Please return the data that follows precisely as written, but without the images.

++++ Stored data

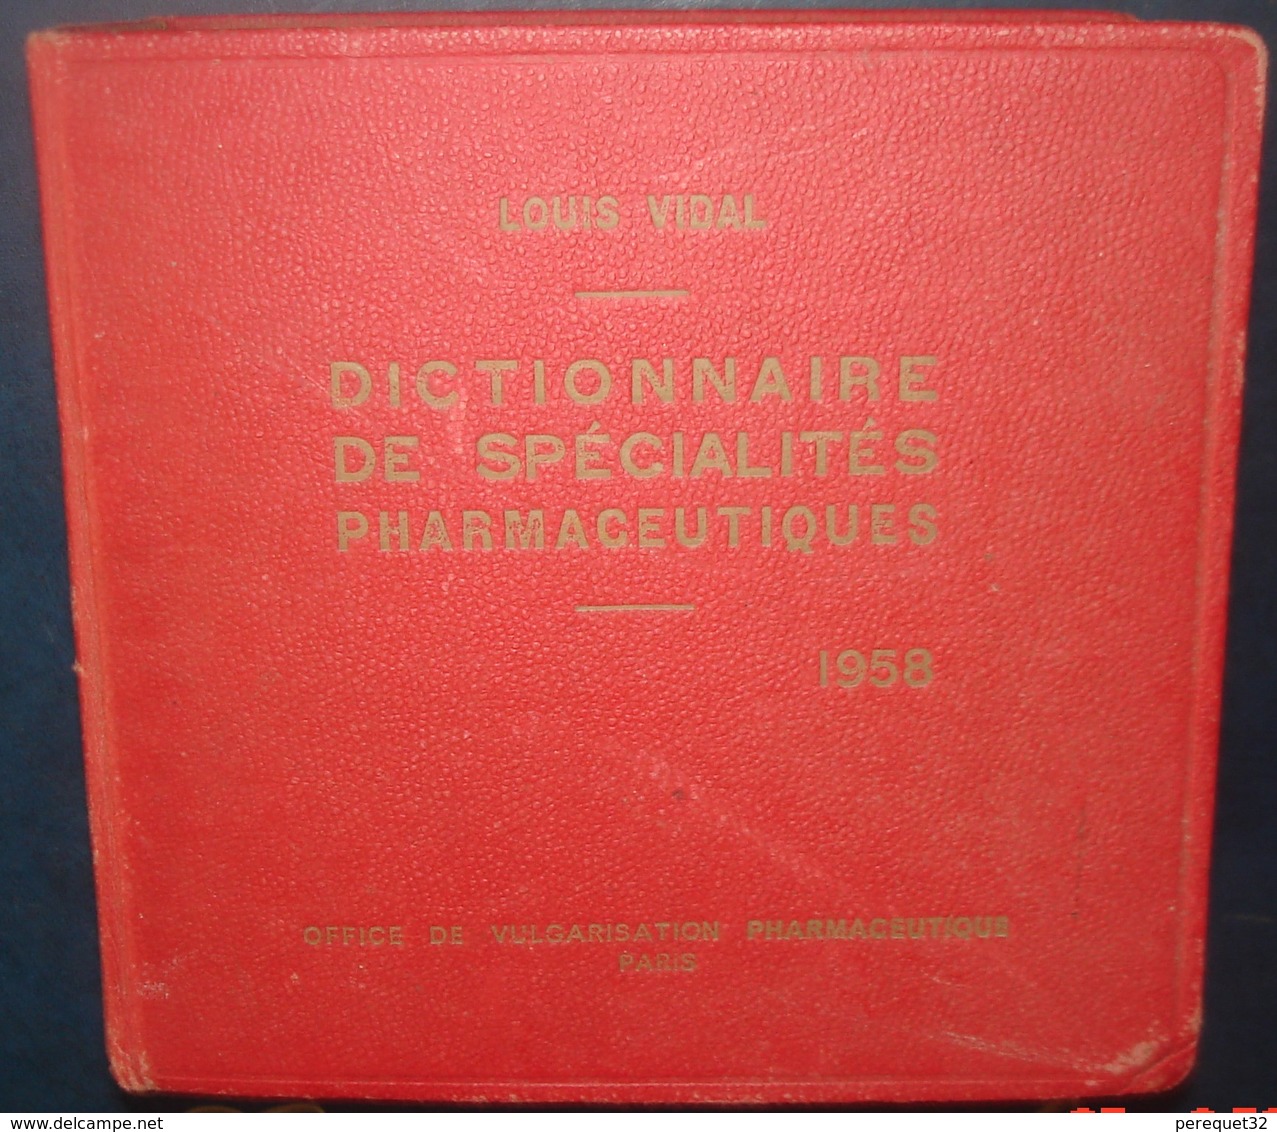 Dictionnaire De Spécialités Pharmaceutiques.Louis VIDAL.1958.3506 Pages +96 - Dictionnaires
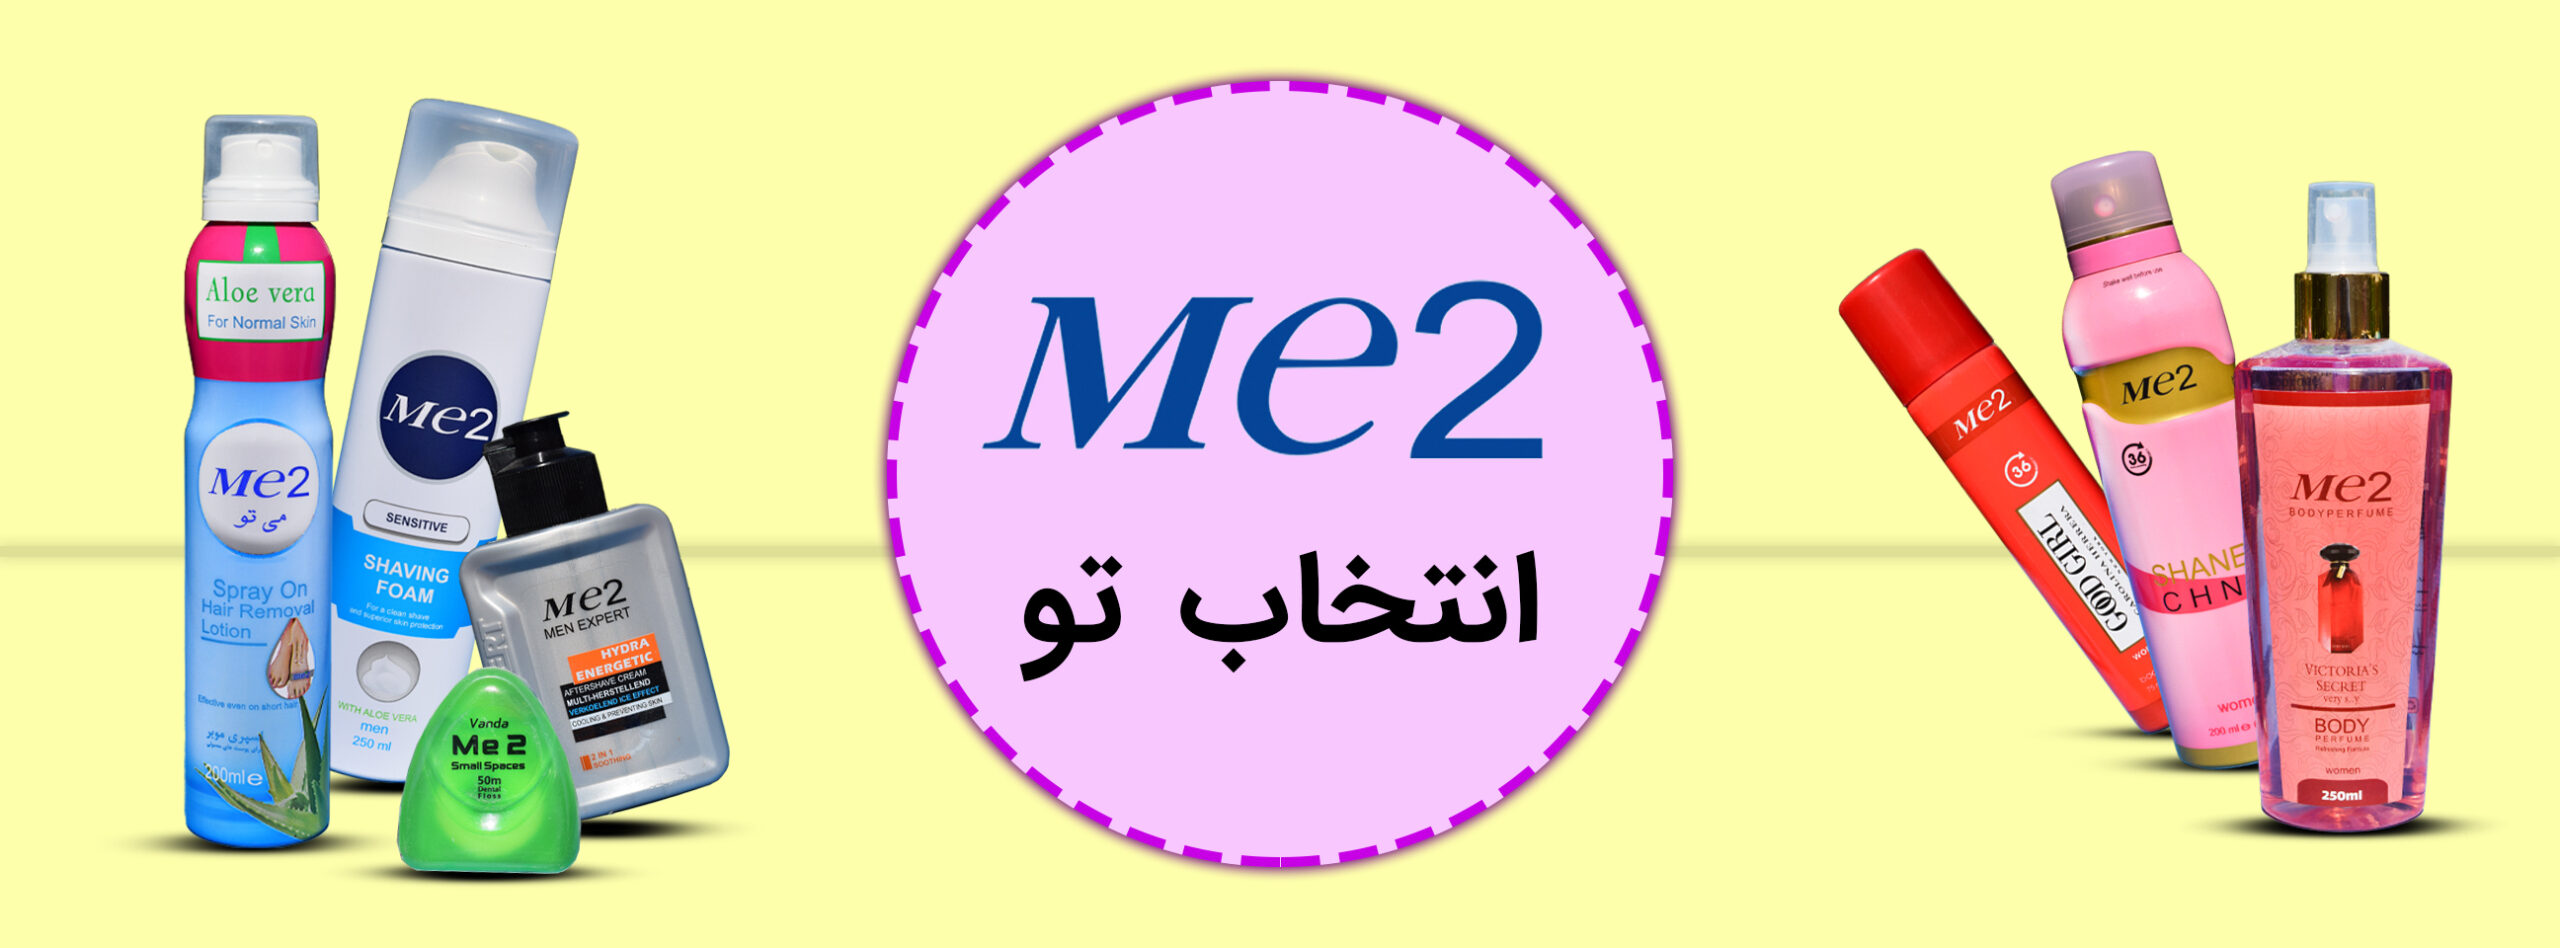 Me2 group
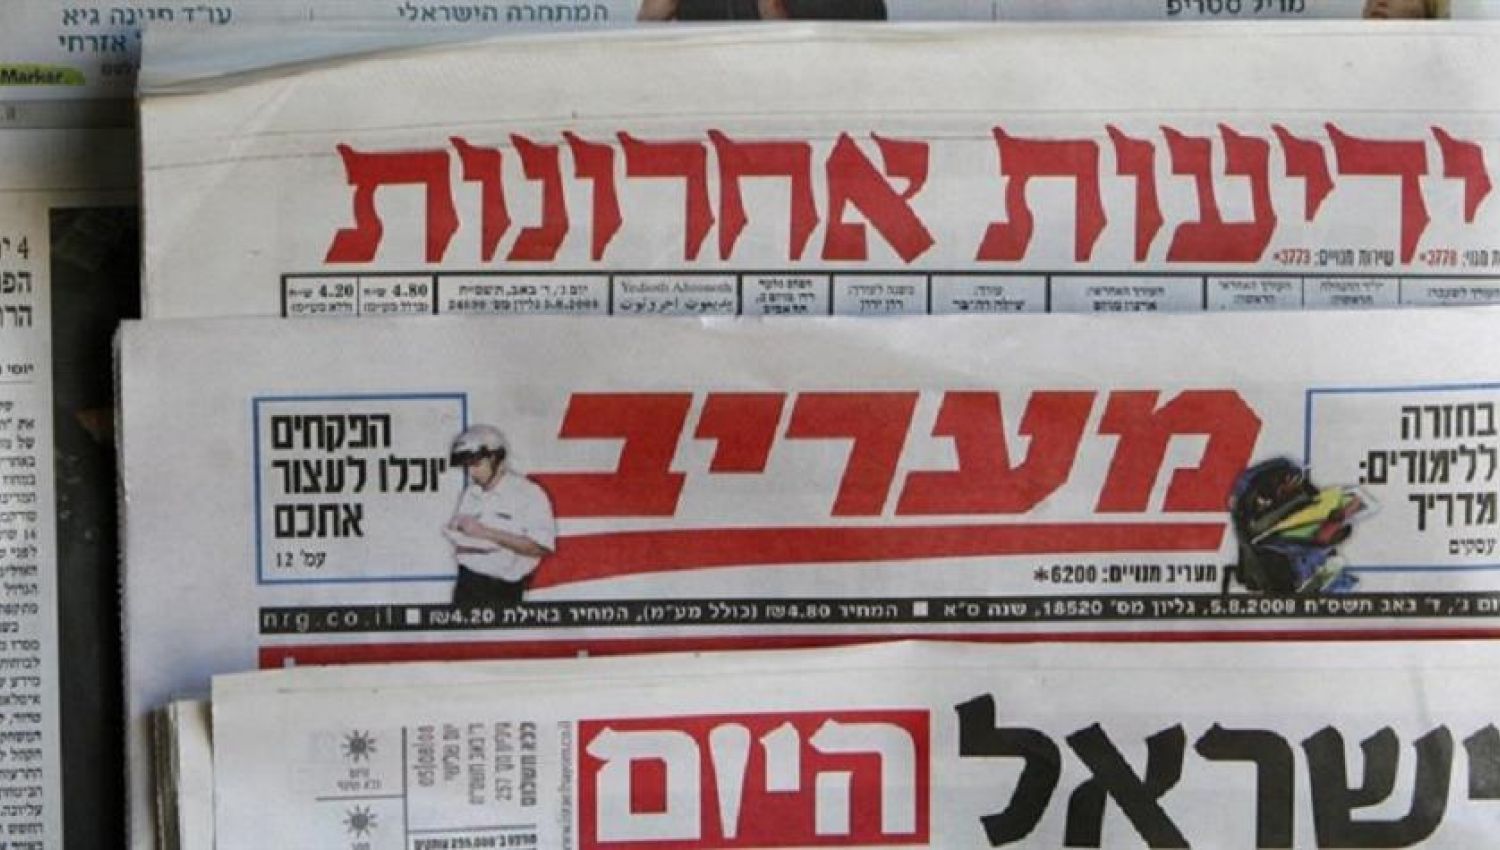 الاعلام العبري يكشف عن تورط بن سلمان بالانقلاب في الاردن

++++++++

▶ **Written solution**:
 Dictionnaire De Spécialités Pharmaceutiques.Louis VIDAL.1958.3506 Pages +96 - Dictionnaires
 Me2 group
 الاعلام العبري يكشف عن تورط بن سلمان بالانقلاب في الاردن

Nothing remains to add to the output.